Mohamed Ahmed Sabry, ElKaffas Mahmoud, Metwally Karim, Abdelfattah Mahmoud, Elsery Eslam Ashraf, Elshazly Ahmed, Gomaa Hossam Eldin, Alsayed Aziza, El-Desouky Sara, El-Gamal Randa, Elfarrash Sara
Program of Medicine, Faculty of Medicine, Mansoura University, Mansoura, 35516, Egypt.
Mansoura Manchester Medical Program, Faculty of Medicine, Mansoura University, Mansoura, 35516, Egypt.
J Inflamm (Lond). 2024 Aug 6;21(1):29. doi: 10.1186/s12950-024-00396-9.
Mice transgenic for human P301S tau protein exhibit many characteristics of the human tauopathies, including the formation of abundant hyperphoshorylated tau filaments, the associated neuroinflammation and disease phenotype. However, the exact underpinning mechanisms are still not fully addressed that hinder our understanding of the tauopathy diseases and the development of possible therapeutic targets.Methods: In the current study, hippocampus from three disease time points (2, 4 and 6 months) of P301S mice were further characterized in comparison to the age and sex matched control wild type mice (WT) that do not express the transgene. Different spectrum of hippocampal dependent cognitive tests, biochemical and pathological analysis were conducted to understand the disease progression and the associated changes in each stage. Results: Cognitive impairment was manifested as early as 2 months age, prior to the identification of tau aggregation and phosphorylation by immunostaining.

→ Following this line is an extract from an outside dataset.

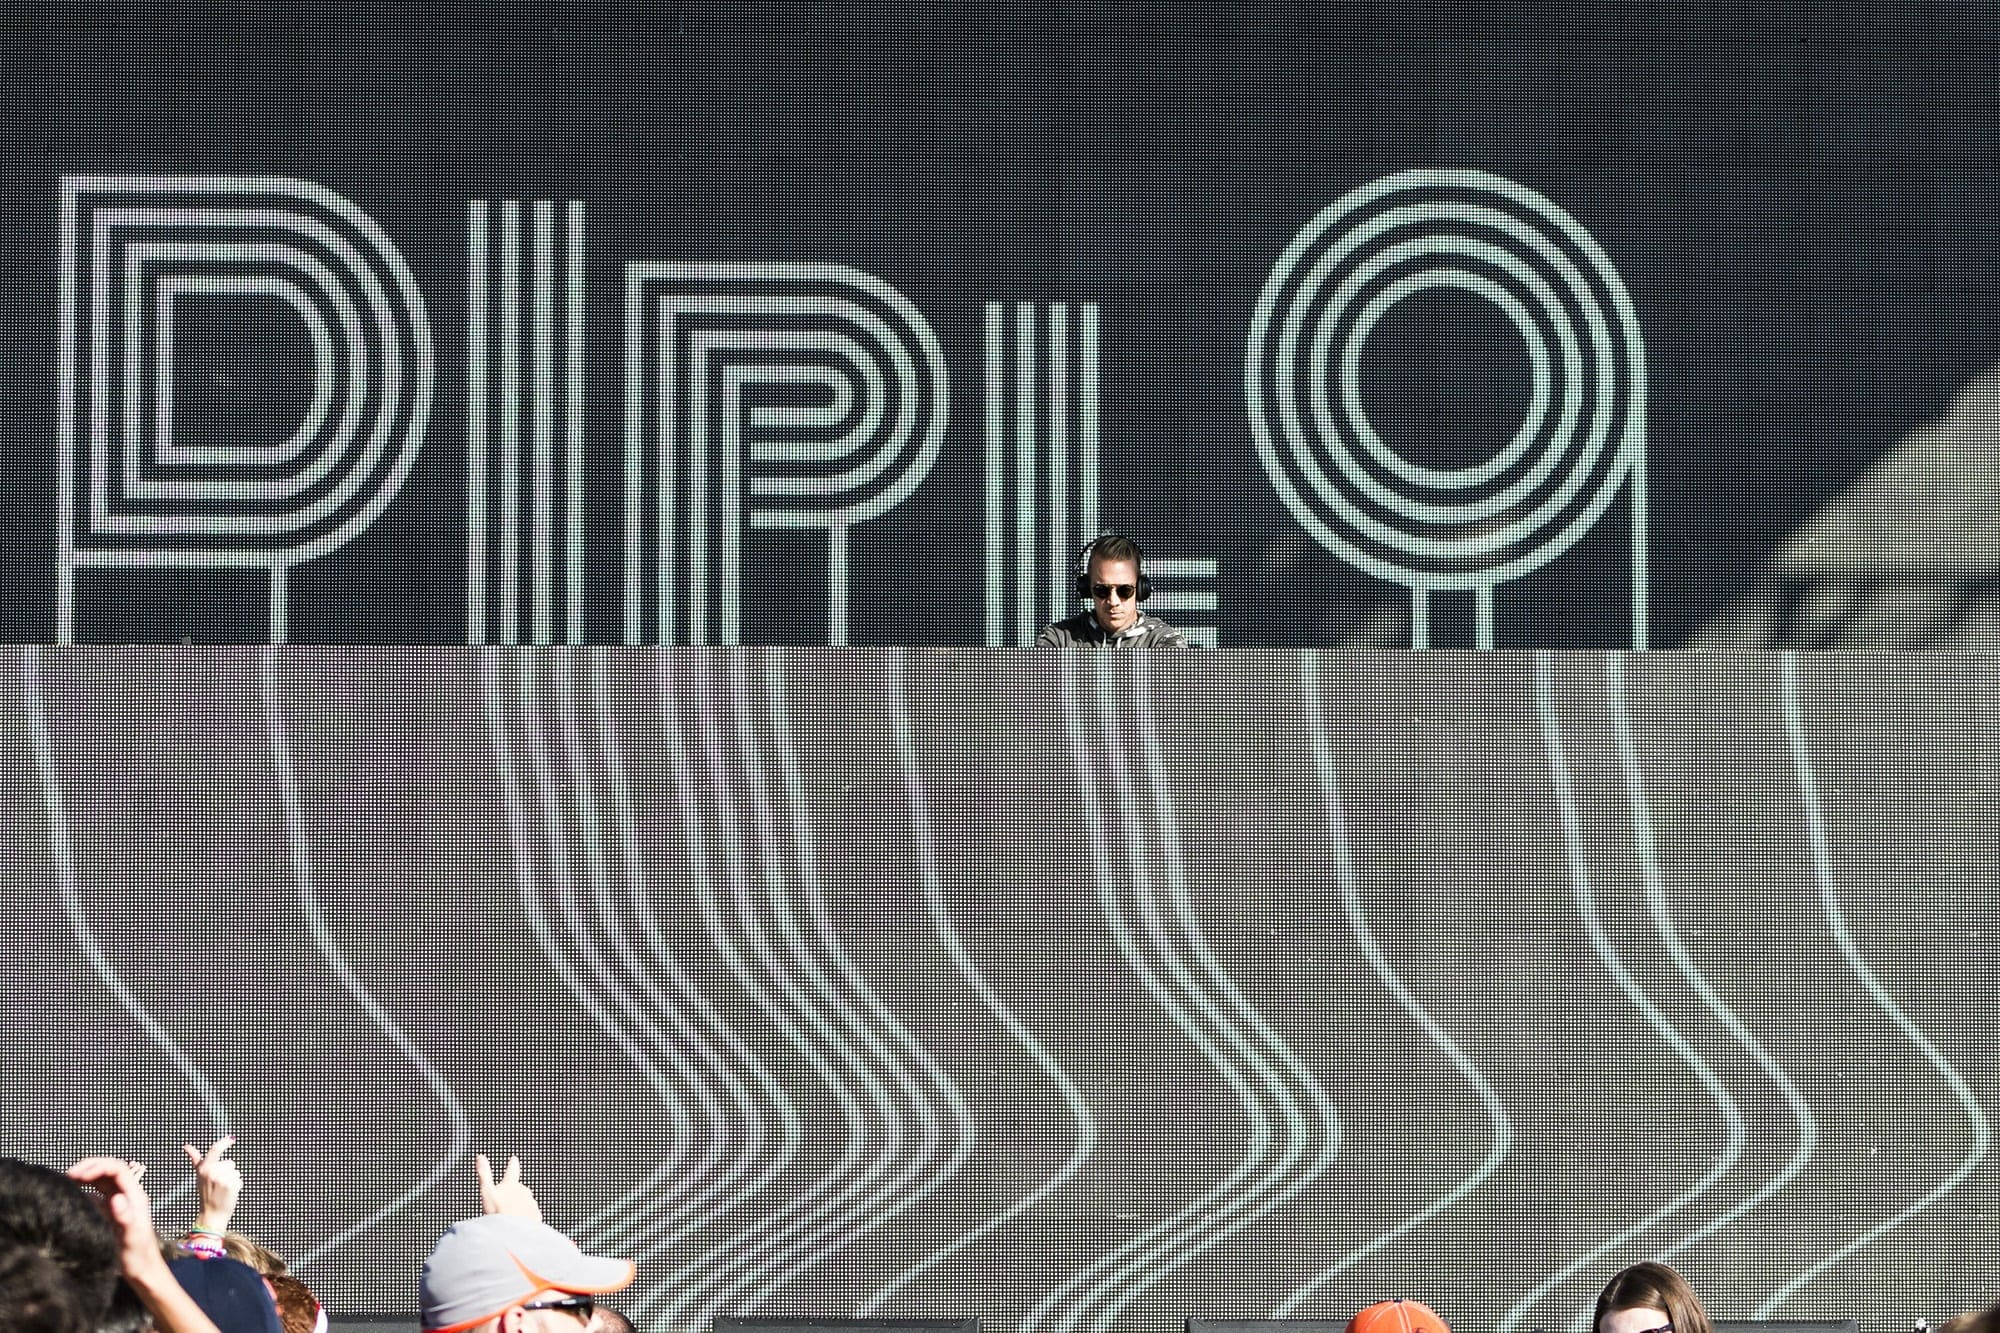 Diplo at Juice Jam 2017

P301S mice manifested an increased pro-inflammatory related changes at mRNA transcription level (IL-1b and IL17A) with the progression of the disease and when compared to the WT mice of the same age. Among the identified genes in the current study, the nuclear factor (erythroid-derived 2)-like 2 (Nrf2) genes expression that is considered as the master regulator of an endogenous inducible defense system was significantly impaired in P301S mice by 4 and 6 months when compared to healthy WT controls. A data that was also supported by the immunostaining of the serial brain sections including the both brain stem and hippocampus. The current result is suggesting that the downregulation of Nrf2 gene and the impaired Nrf2 dependent anti-inflammatory mechanisms in P301S mice brain is possibly contributing -among other factors- in the neuroinflammation and tauopathy, and that modulation of Nrf2 signaling impairments can be further investigated as a promising potential therapeutic target for tauopathy.
转人类P301S tau蛋白基因的小鼠表现出许多人类tau蛋白病的特征,包括形成大量高度磷酸化的tau细丝、相关的神经炎症和疾病表型。然而,确切的潜在机制仍未完全阐明,这阻碍了我们对tau蛋白病的理解以及可能的治疗靶点的开发。方法:在本研究中,与不表达转基因的年龄和性别匹配的对照野生型小鼠(WT)相比,对P301S小鼠三个疾病时间点(2、4和6个月)的海马进行了进一步表征。进行了不同范围的海马依赖性认知测试、生化和病理分析,以了解疾病进展以及每个阶段的相关变化。结果:早在2个月龄时就出现了认知障碍,早于通过免疫染色鉴定tau聚集和磷酸化之前。随着疾病的进展,与同年龄的WT小鼠相比,P301S小鼠在mRNA转录水平(IL-1β和IL17A)表现出促炎相关变化增加。在本研究中鉴定的基因中,与健康的WT对照相比,在4个月和6个月时,被认为是内源性诱导防御系统主要调节因子的核因子(红细胞衍生样2)-样2(Nrf2)基因表达在P301S小鼠中显著受损。包括脑干和海马在内的连续脑切片的免疫染色也支持了这一数据。目前的结果表明,P301S小鼠脑中Nrf2基因的下调和Nrf2依赖性抗炎机制的受损可能在神经炎症和tau蛋白病中起作用(在其他因素中),并且Nrf2信号损伤的调节可作为tau蛋白病有前景的潜在治疗靶点进一步研究。